Yes, it is true that Architects Alliance likely won the commission because it hooked up with a well-known European firm. But, the Toronto firm - specifically DiCastri - is largely responsible for turning a technically demanding program into something interpreted as lightness. The CCBR sits boldly on College Street with a dynamic front elevation comprised of a double skin of glass - researchers can operate their own windows - rising up from a generous civic plaza.

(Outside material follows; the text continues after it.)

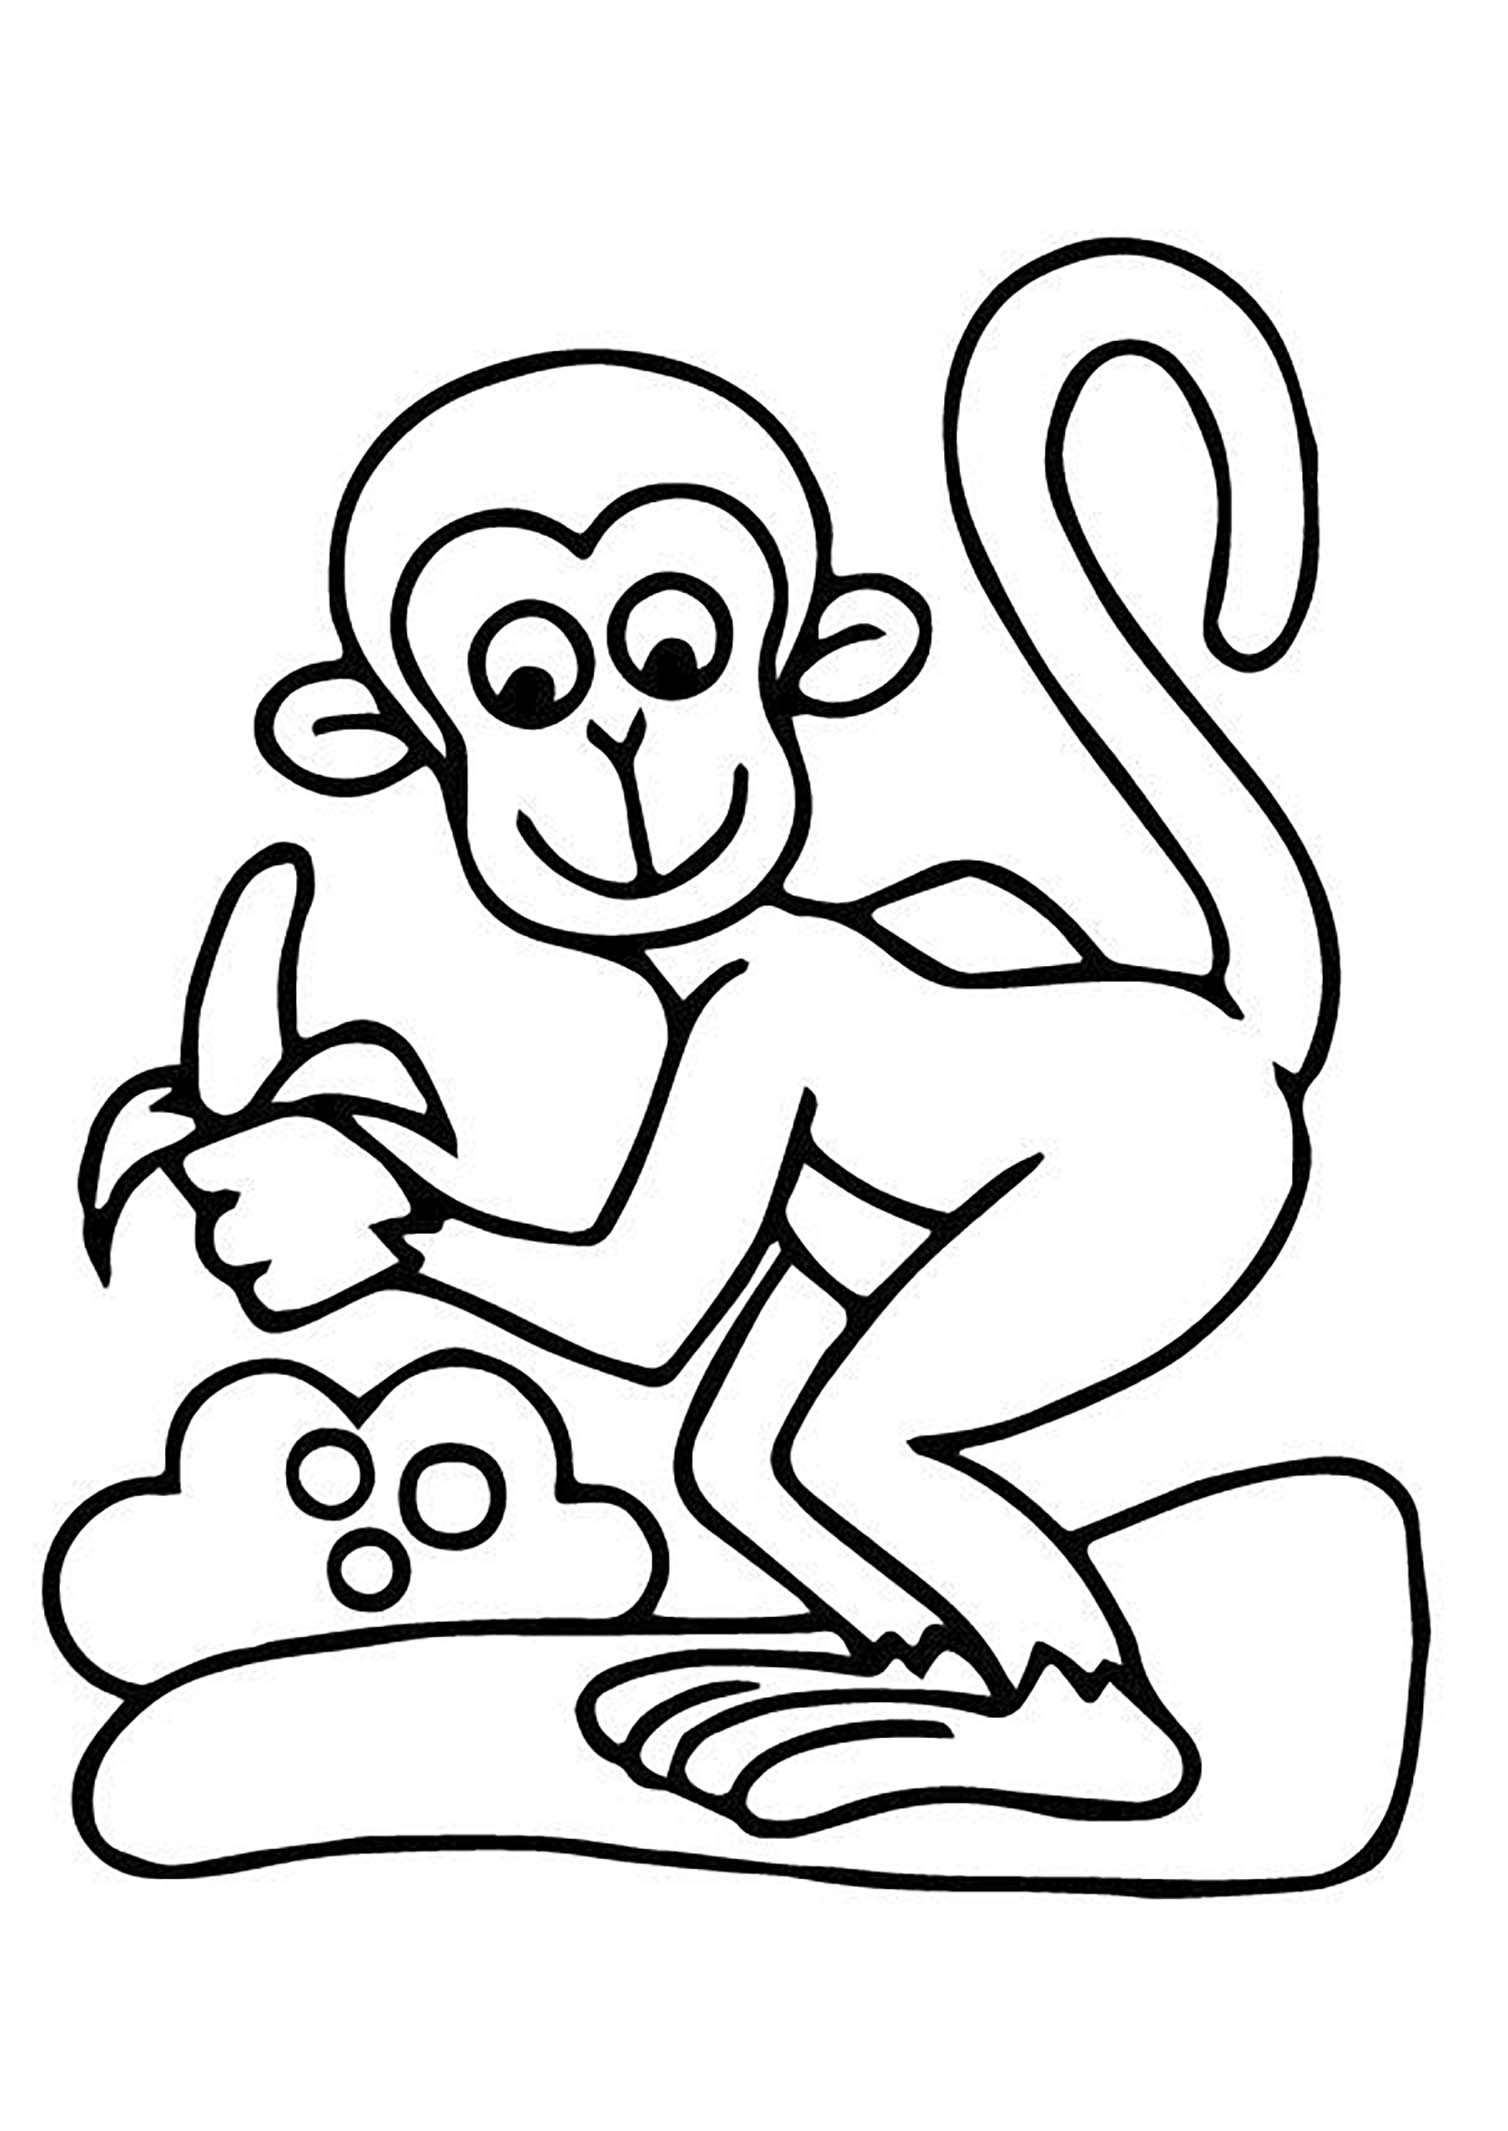 Desenho de macacos para colorir, fácil para as crianças

Driving by the other night, the inter-disciplinary centre seemed alive with energy, a series of bulbous lights leading the eye from the street to a lush bamboo garden inside the front hall of the centre, and more greenery punctuating the upper research floors.An architect's job requires imagination and high levels of pragmatism. But, it also requires stamina and determination. DiCastri required plenty of both in order to complete the design of Toronto's first ravine gateway and resist a city councillor's attempts to have it dismantled after its construction. In a city uncomfortable with bold civic gestures, the piece by DiCastri surprises for its singular, unflinching presence within the mess of urban infrastructure that can be found north of Highway 401 at the corner of Leslie Street and Sheppard Avenue. The idea was to simply announce with conviction that there was a vast, enchanting place to walk in nature underneath the whirling madness of the highways.

What DiCastri delivered is a wide band of dark red Cor-Ten steel that runs several metres above the sidewalk then folds itself powerfully back like the prow of a ship, the folded plane pointing down toward the Don River Trail. There's nothing kitsch or delicate about DiCastri's move. It was accused by a now retired, simple minded councillor of being a rusty rail. DiCastri's ravine marker is hard sculpture. And that is the pleasure of it.

Perhaps the hard freeze of this winter makes it particularly difficult to bear the simultaneous loss of DiCastri and Stinson. Both men died because of the curse of cancer, their wives and children at their sides. Both died on Jan. 29, 2008. They were architects who gave with passion and determination. And that is why they will be remembered.